Sa victoire, si elle est incontestable (317 sièges sur 550), laissera toutefois un arrière-goût amer aux démocrates. En cinq mois, Erdogan a réussi à redresser la barre, mais à quel prix : espace public confisqué, presse muselée, menaces brandies. Le chef de l’Etat avait prévenu que ce serait le chaos s’il n’avait pas les coudées franches. Et le chaos est arrivé : attentats, reprise des hostilités entre le PKK (Parti des travailleurs du Kurdistan) et les forces de l’ordre turques sur fond de guerre en Syrie, impossibilité de trouver une coalition gouvernementale… Entre les élections de juin et le dernier scrutin, près de 2 000 personnes auront perdu la vie. La Turquie a même connu le pire attentat de son histoire le 10 octobre dernier, quand deux kamikazes se sont fait exploser à Ankara, causant la mort de 102 militants de gauche et de la cause kurde.

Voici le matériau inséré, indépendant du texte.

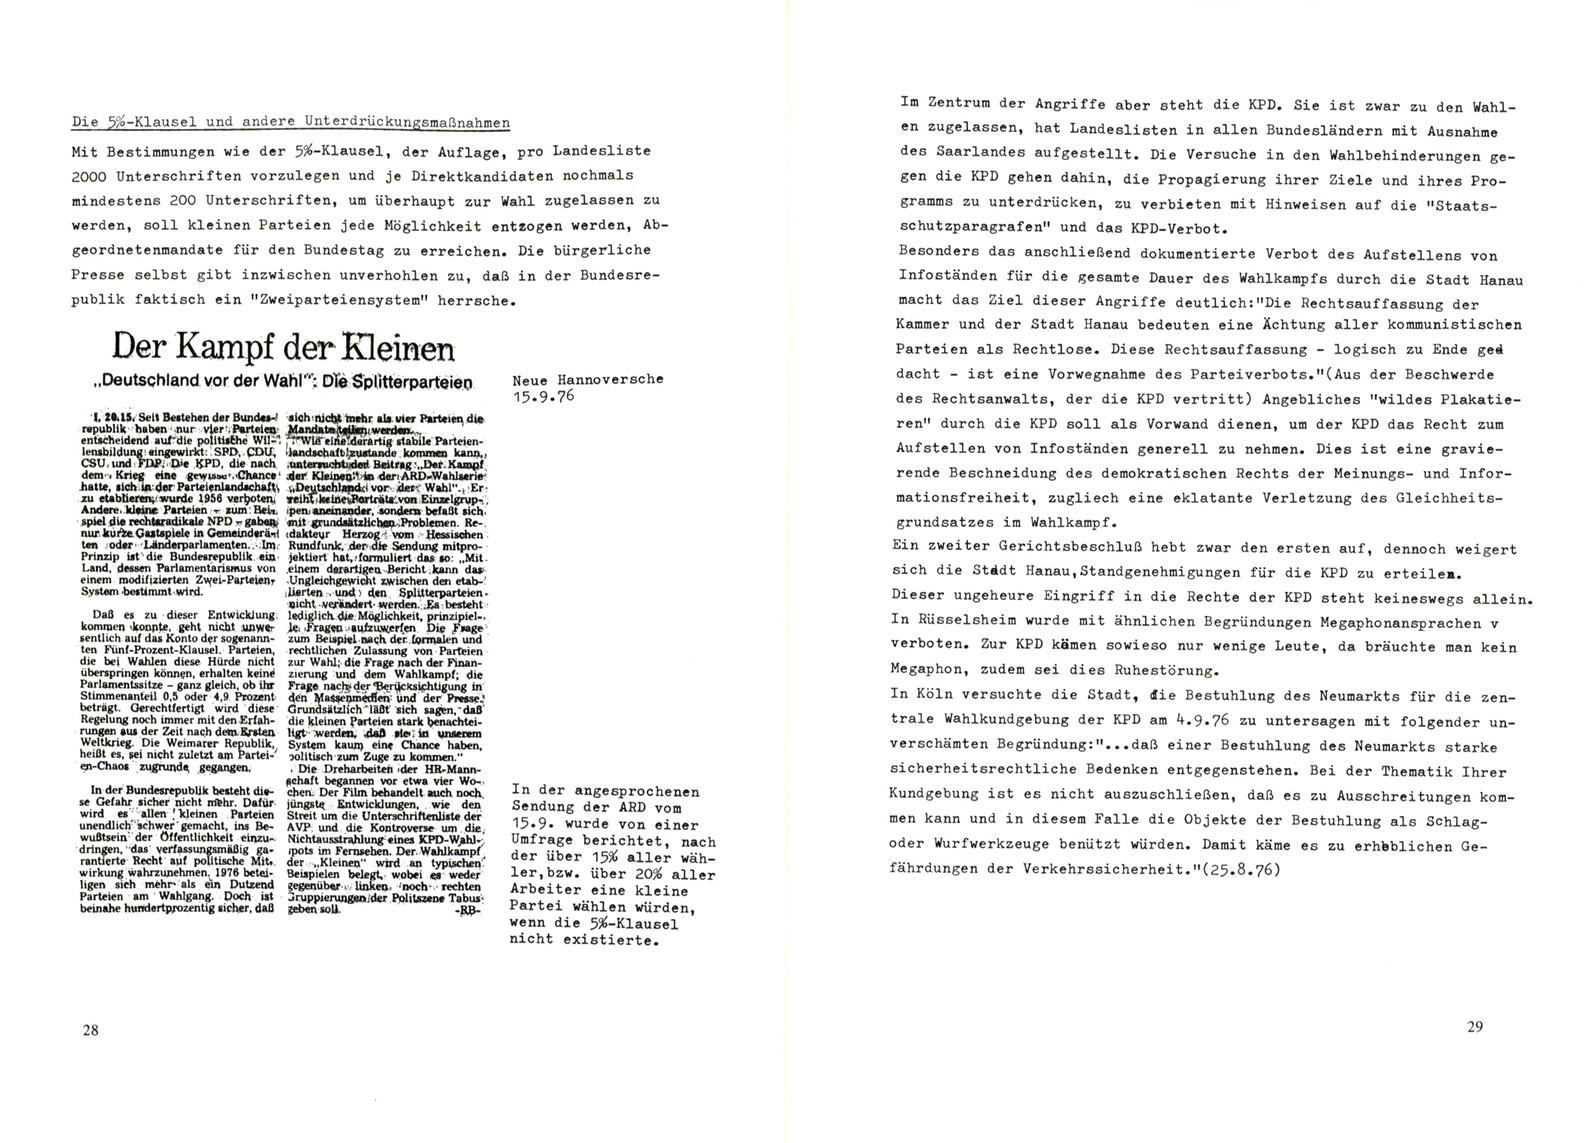 KPDAO_1976_Wahlbehinderungen_im_BTW_16

Les opposants ont aussitôt accusé le pouvoir de jouer en sous-main avec Daech, ennemi à la fois du PKK kurde et du régime syrien dirigé par Bachar al-Assad, ses deux  » bêtes noires « . Erdogan pensait qu’il suffisait d’appeler au renversement du leader syrien pour que son souhait se réalise. Mauvais calcul : Bachar reste le maître à Damas, les Kurdes ont mis le grappin sur des territoires tout au long des 900 km de la frontière turque, tandis qu’Ankara est désormais aux prises avec 2,3 millions de réfugiés. En misant délibérément sur les factions les plus extrémistes de la rébellion syrienne, Erdogan a engagé sa propre responsabilité dans le bilan effroyable du conflit mais aussi dans les flots de réfugiés qui ont débarqué en Turquie, et de là en Europe. Il aura fallu attendre le second semestre 2015 pour que le chef de l’Etat, qui s’est entre-temps brouillé avec Moscou, découvre la menace que fait peser la nébuleuse djihadiste sur la sécurité intérieure, et se décide à fermer l' » autoroute du jihad  » qu’ont empruntée de nombreux terroristes entre l’Europe et la Syrie.

L’Europe, elle, n’a cessé d’amadouer Erdogan pour qu’elle garde les réfugiés sur son territoire et a longtemps fermé les yeux sur ses liens avec Daech. La publication d’un document très critique de la Commission européenne a même été retardée jusqu’au lendemain des élections. Dans ce rapport, en fait l’évaluation annuelle du processus d’adhésion de la Turquie à l’UE, on y fustige  » l’adoption de lois contraires aux normes européennes regardant l’Etat de droit, la liberté d’expression et la liberté de réunion  » mais aussi  » le rétrécissement du principe de séparation des pouvoirs  » et  » le pouvoir discrétionnaire accru  » des services de sécurité. Début octobre, donc, Recep Erdogan était reçu avec tous les honneurs à Bruxelles. Et même décoré.